The default Commerce Cloud robots.txt file looks like this:

User-agent: *
Disallow: /cart
Disallow: /en/cart
Disallow: /checkout
Disallow: /en/checkout
Disallow: /profile
Disallow: /en/profile
Disallow: /searchresults
Disallow: /en/searchresults
Disallow: /confirmation
Disallow: /en/confirmation
Disallow: /wishlist_settings
Disallow: /en/wishlist_settings
Disallow: /wishlist
Disallow: /en/wishlist

Sitemap: http://[store url]:8080/sitemap.xml

User-agent: * means that the exclusion rules should apply to all robots. You can replace the * (asterisk) with the name of a specific robot to exclude, for example, Google.

Each Disallow: /[page] entry indicates a page that robots should not visit. You should not remove any of the Disallow: entries from the default robots.txt file, though you might want to include additional pages that you want robots to ignore.

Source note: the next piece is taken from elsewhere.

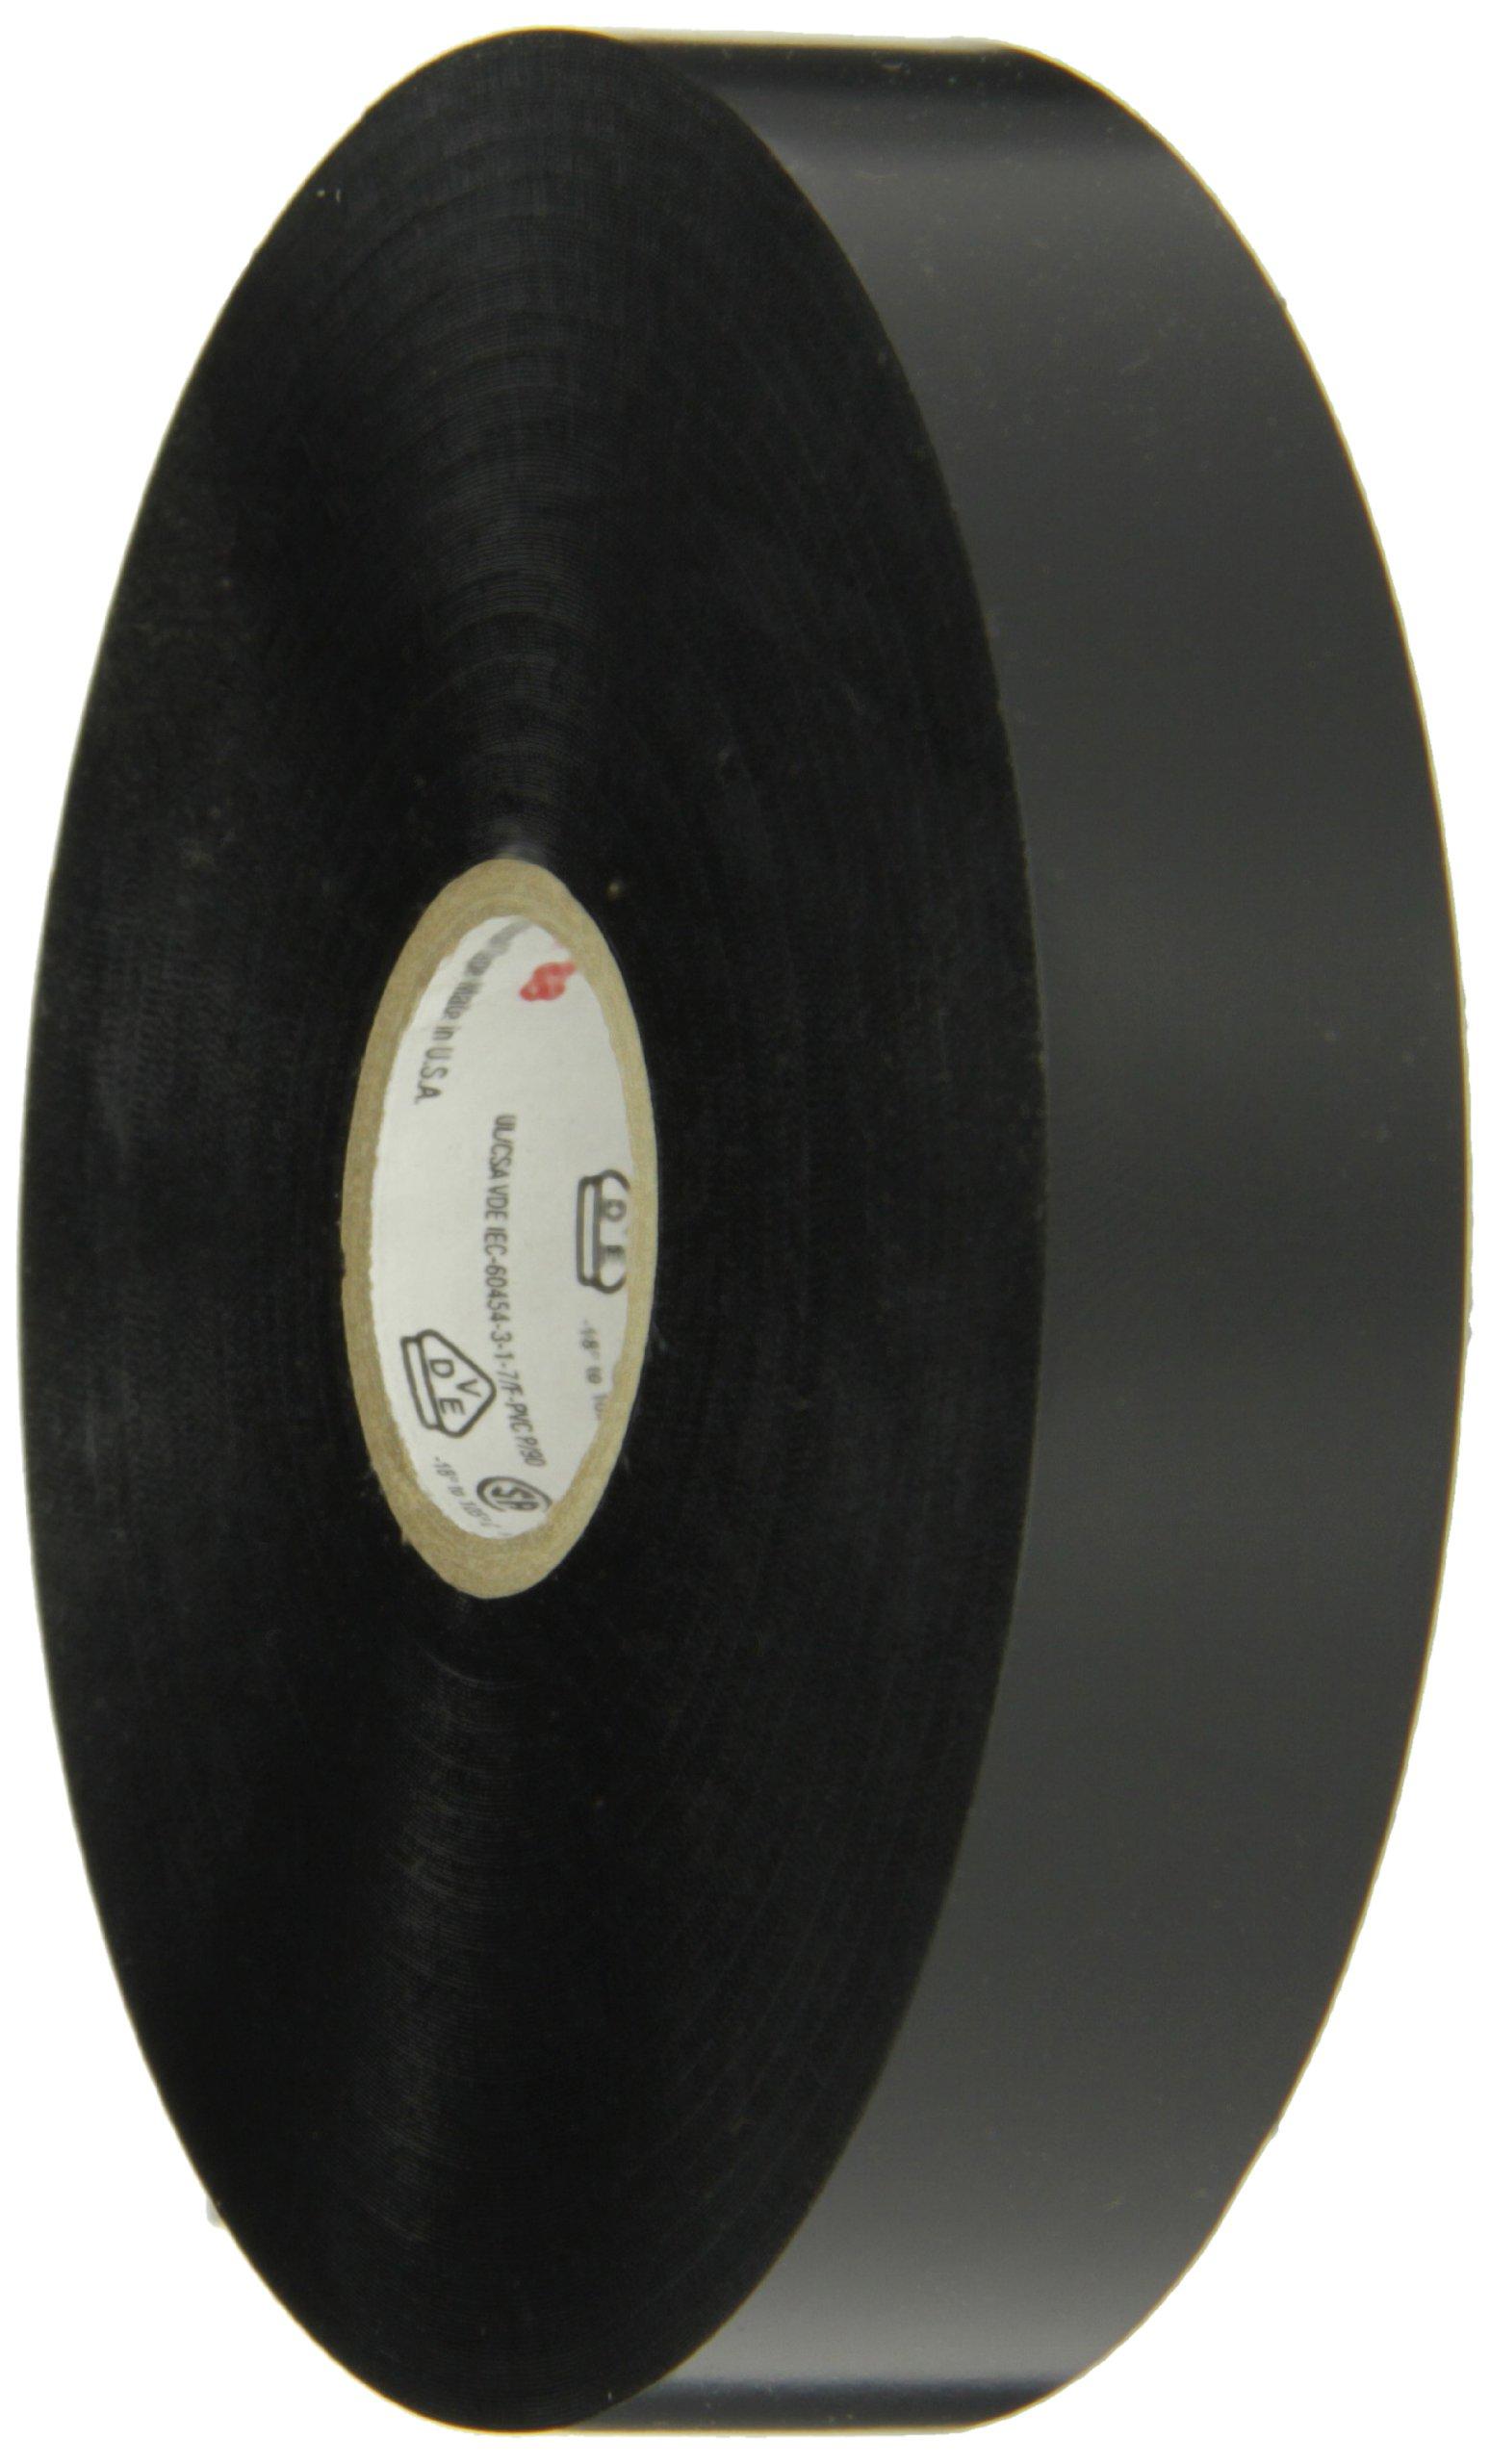 Scotch Vinyl Electrical Tape Super 88, 3/4 in x 36 yds, Black, 12 rolls/carton, 48 rolls/case

If you are testing your store and do not want any robots to crawl any pages, you might want your robots.txt file to look like this:

User-agent: *
Disallow: /

You cannot edit the robots.txt file in the administration UI. You must edit it with the Commerce Cloud Admin REST API. See Extending Oracle Commerce Cloud for information about the REST APIs.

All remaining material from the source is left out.